Law & order
New
York mayor caught between protests, police
Mayor
Bill de Blasio, left, and NYPD Commissioner Bill Bratton, right, listen during
a press conference after attending a promotion ceremony for police officers,
Friday, Dec. 19, 2014, in New York. Even as New York’s police department takes
heat for ... more >
By JONATHAN LEMIRE -
Associated Press - Friday, December 19, 2014
NEW
YORK (AP) - Mayor Bill de Blasio was elected last year after making promises to
keep crime low while improving relations between police and the community. As
the tensions between those promises continue to mount, Friday showed just how
tricky threading that needle has been.
In
the morning, de Blasio met with leaders of the protests that have swept through
New York City in the weeks after a grand jury declined to indict the police
officer who placed Eric Garner in a fatal chokehold while trying to arrest him.
In
the afternoon, he ventured to New York Police Department headquarters to heap
praise on the force, a week after an angry police union circulated a petition
to bar him from any NYPD funerals.
And
in the evening, a pair of protests - one pro-police, the other against - were
held outside City Hall, with each side yelling at the other while claiming a
lack of support from its occupant.
“The
mayor is making a big mistake. The police are the most important thing to
control what goes on in this city,” said Andrew Insardi, whose brother is a
retired NYPD officer.
De
Blasio, the city’s first Democratic mayor in a generation, formerly was an
activist who, were he not holding office, likely would have participated in the
protest marches that have become a near-nightly ritual after a Staten Island
grand jury declined to charge the officer, who is white, in the death of
Garner, who was black and repeatedly yelled “I can’t breathe!” in his final
moments, which were captured on video.
The
mayor has voiced support for the protesters’ rights, and the traffic-snarling
protests have largely been peaceful, though a recent poll found that they are
opposed by a majority of New Yorkers.

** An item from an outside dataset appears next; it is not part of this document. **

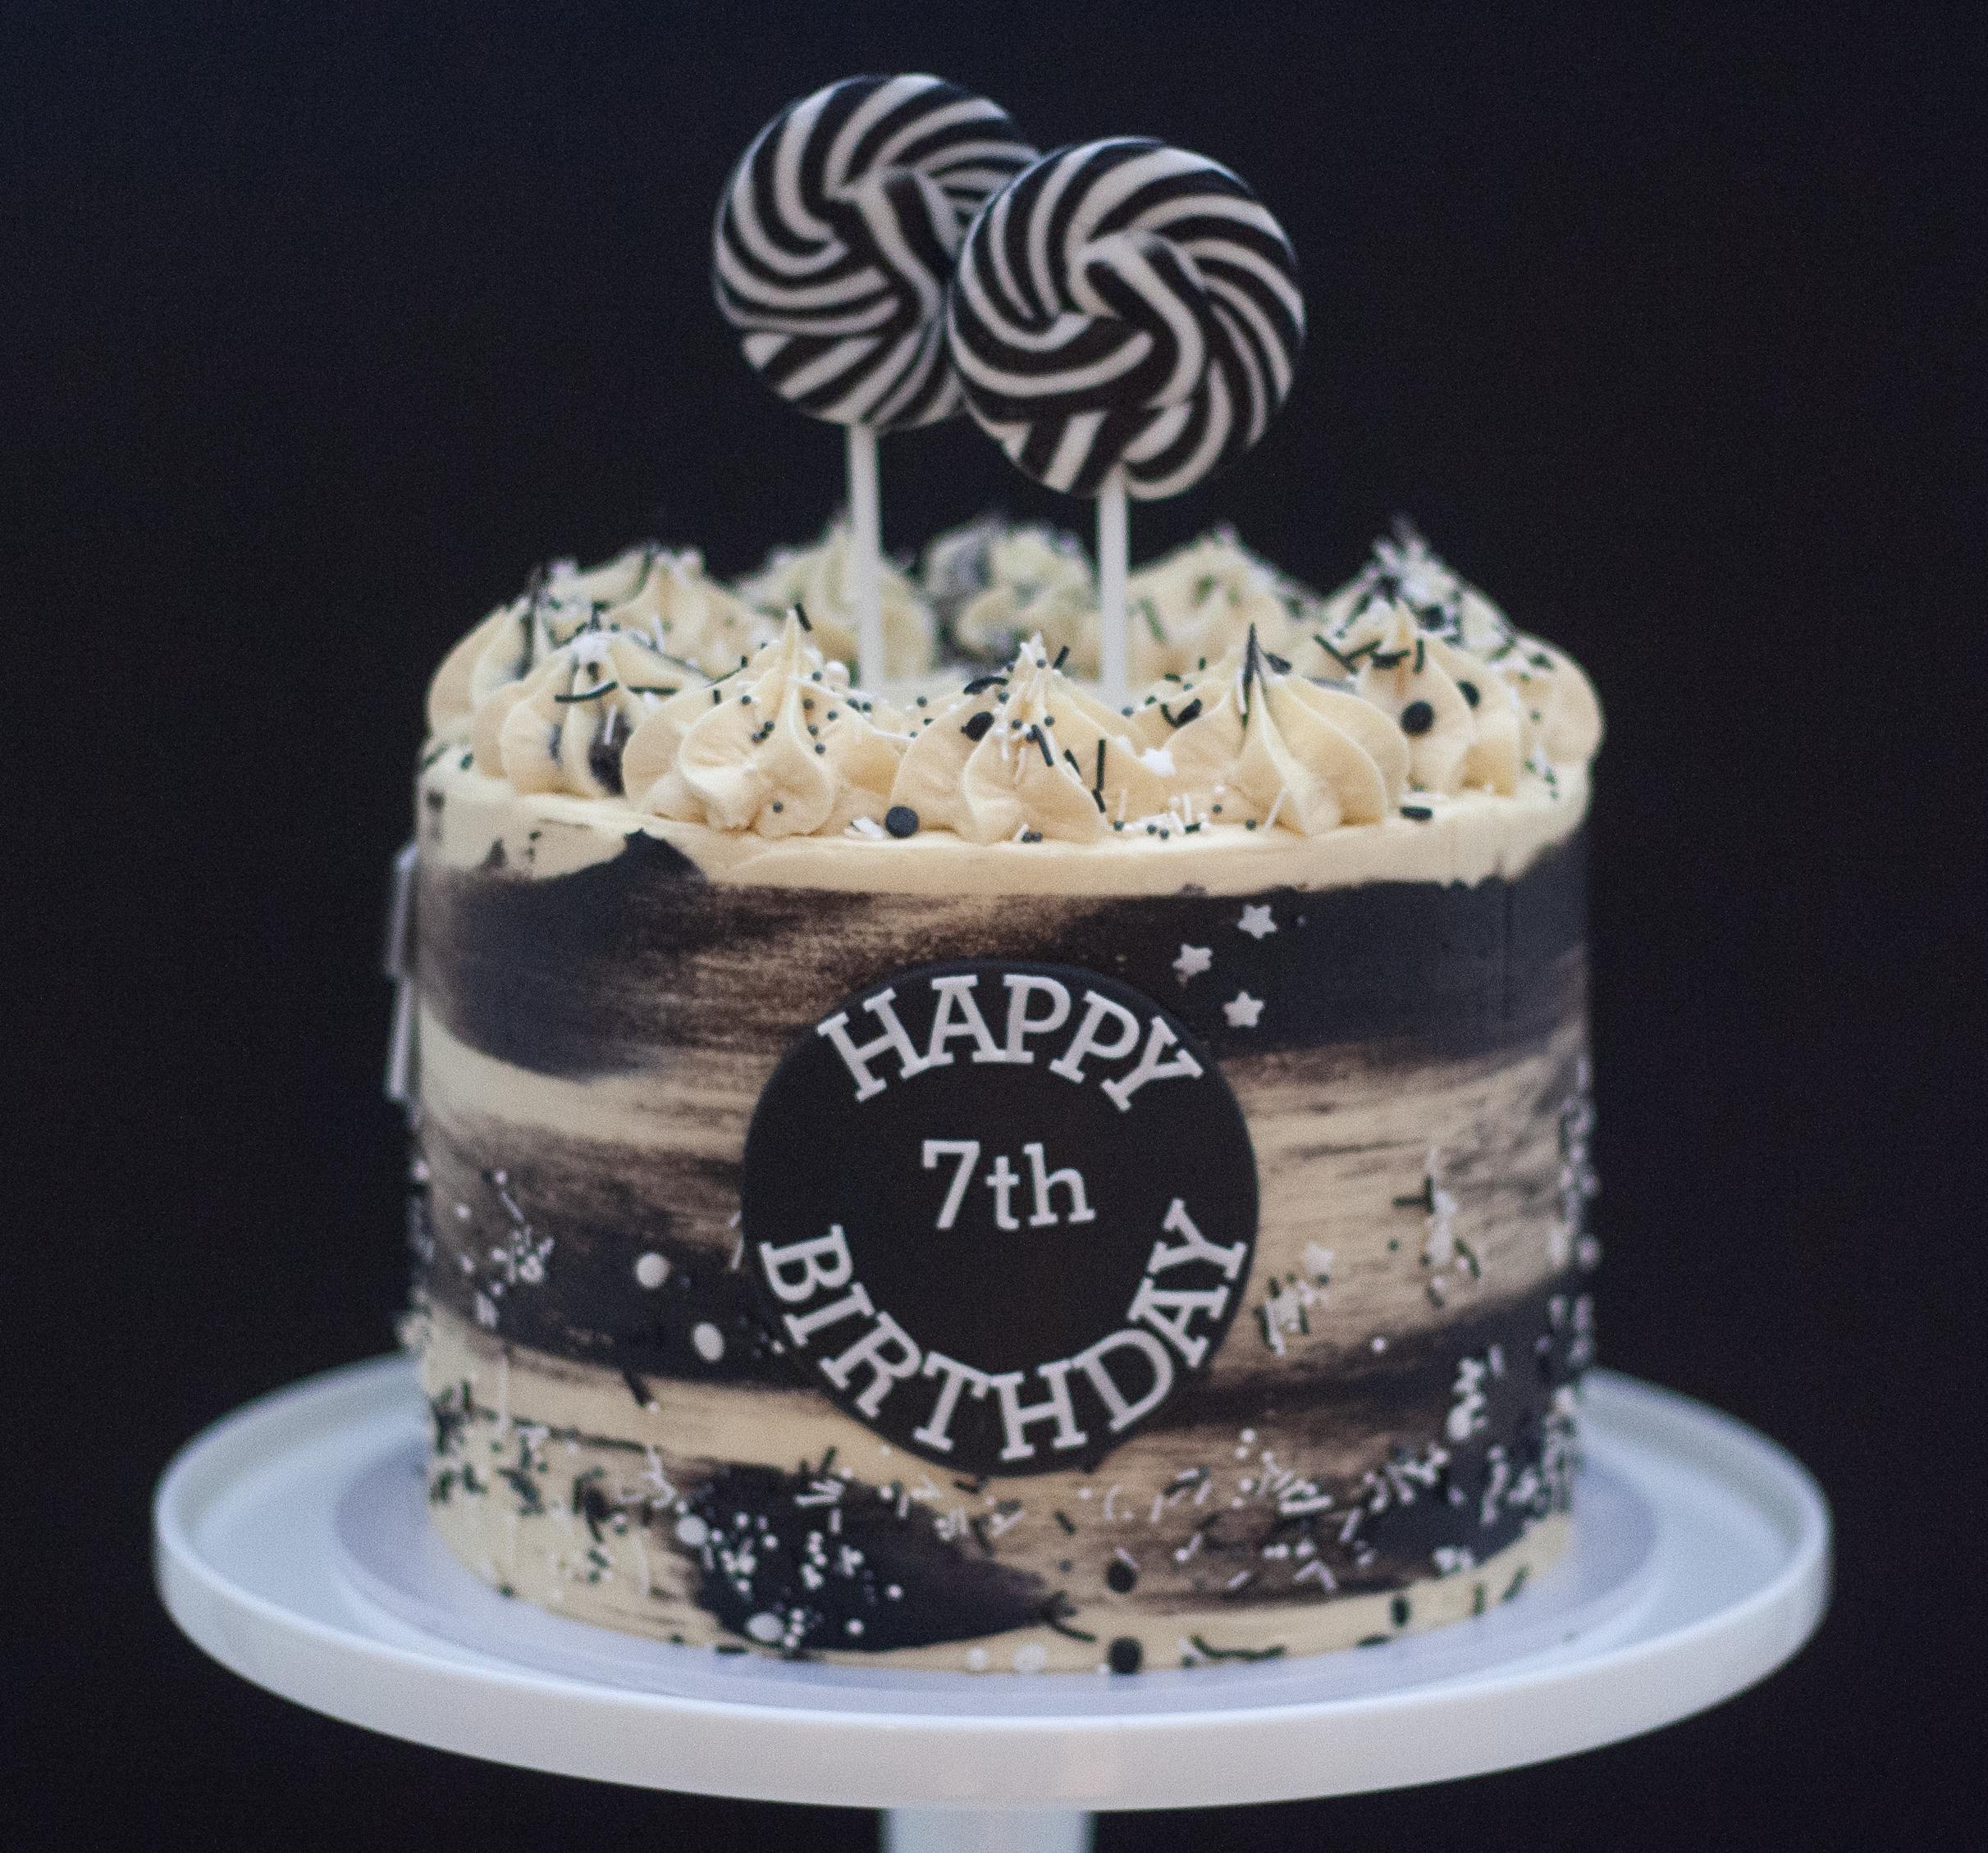 NUFC black marbled cake

He met with members of the activist group
Justice League NYC and said he agreed with some of their proposals - including
the need to retrain officers - but would not disavow the “Broken Windows”

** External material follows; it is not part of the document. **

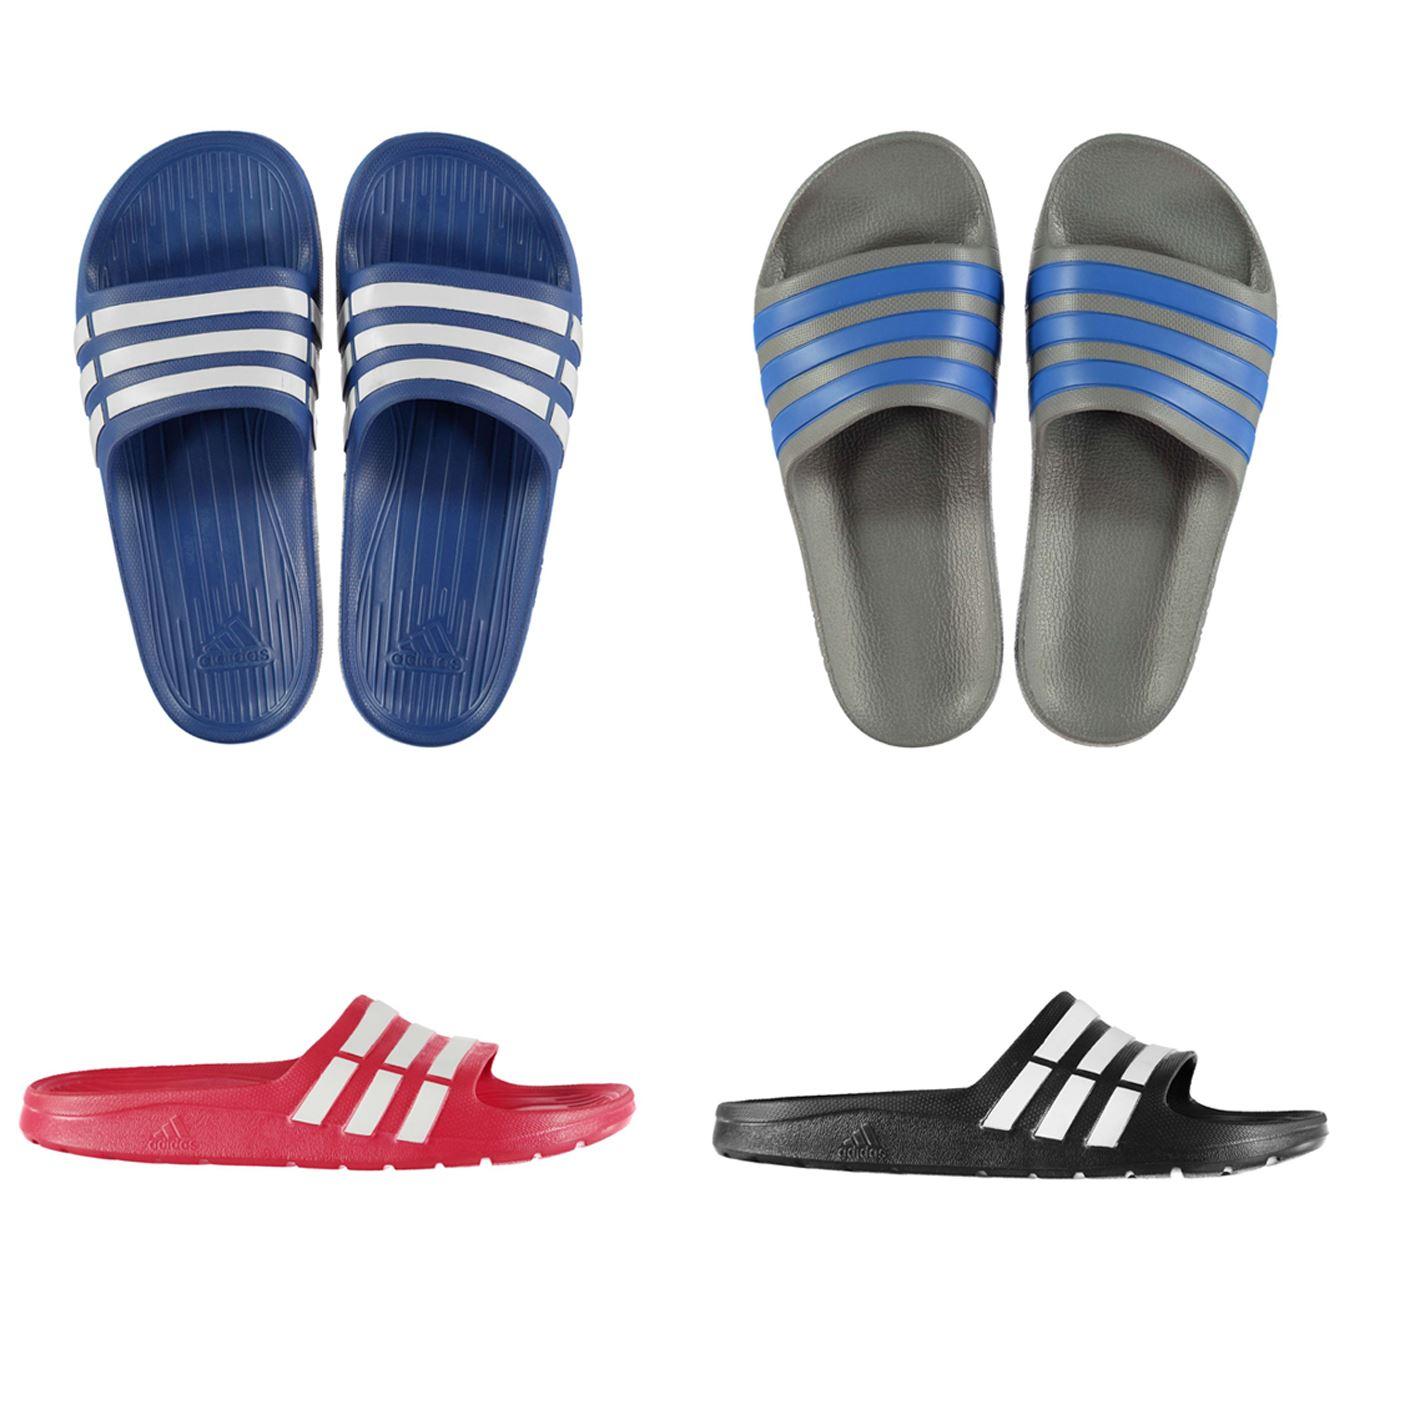 Adidas Duramo Tongs Piscine Chaussures Juniors Garçons

theory of policing, which cracks down on low-level offenses in an effort to
stop more serious crimes.
De
Blasio also took pains to say he supports Police Commissioner William Bratton
and, hours later in a speech at a NYPD promotions ceremony, heaped praise on
officers for their restraint during the protests.
“There
is a respect, in some cases, even an awe at what his department has done in
recent weeks,” he said. “This is the finest police force in the land.”
De
Blasio was met with polite applause from the crowd at the auditorium at 1
Police Plaza, a far cry from the vitriol directed his way recently from the
police unions. Furious that the mayor invoked the warnings he has given his
son, who is half black, about being careful around police in light of the
Garner decision, the unions accused de Blasio of abandoning them.
The
main rank-and-file police union went a step further and began a push to
prohibit de Blasio and City Council Speaker Melissa Mark-Viverito, his ally, from
attending any funeral of any officer killed in the line of duty.
The
unions themselves steered clear of the small pro-police rally outside City
Hall. A few dozen people, including some wearing T-shirts bearing the words “I
can breathe,” stared down a larger, louder crowd that denounced police violence
and took up chants like “How do you spell racist? N-Y-P-D,” and “Black lives
matter.”
There
were no immediate reports of altercations or arrests.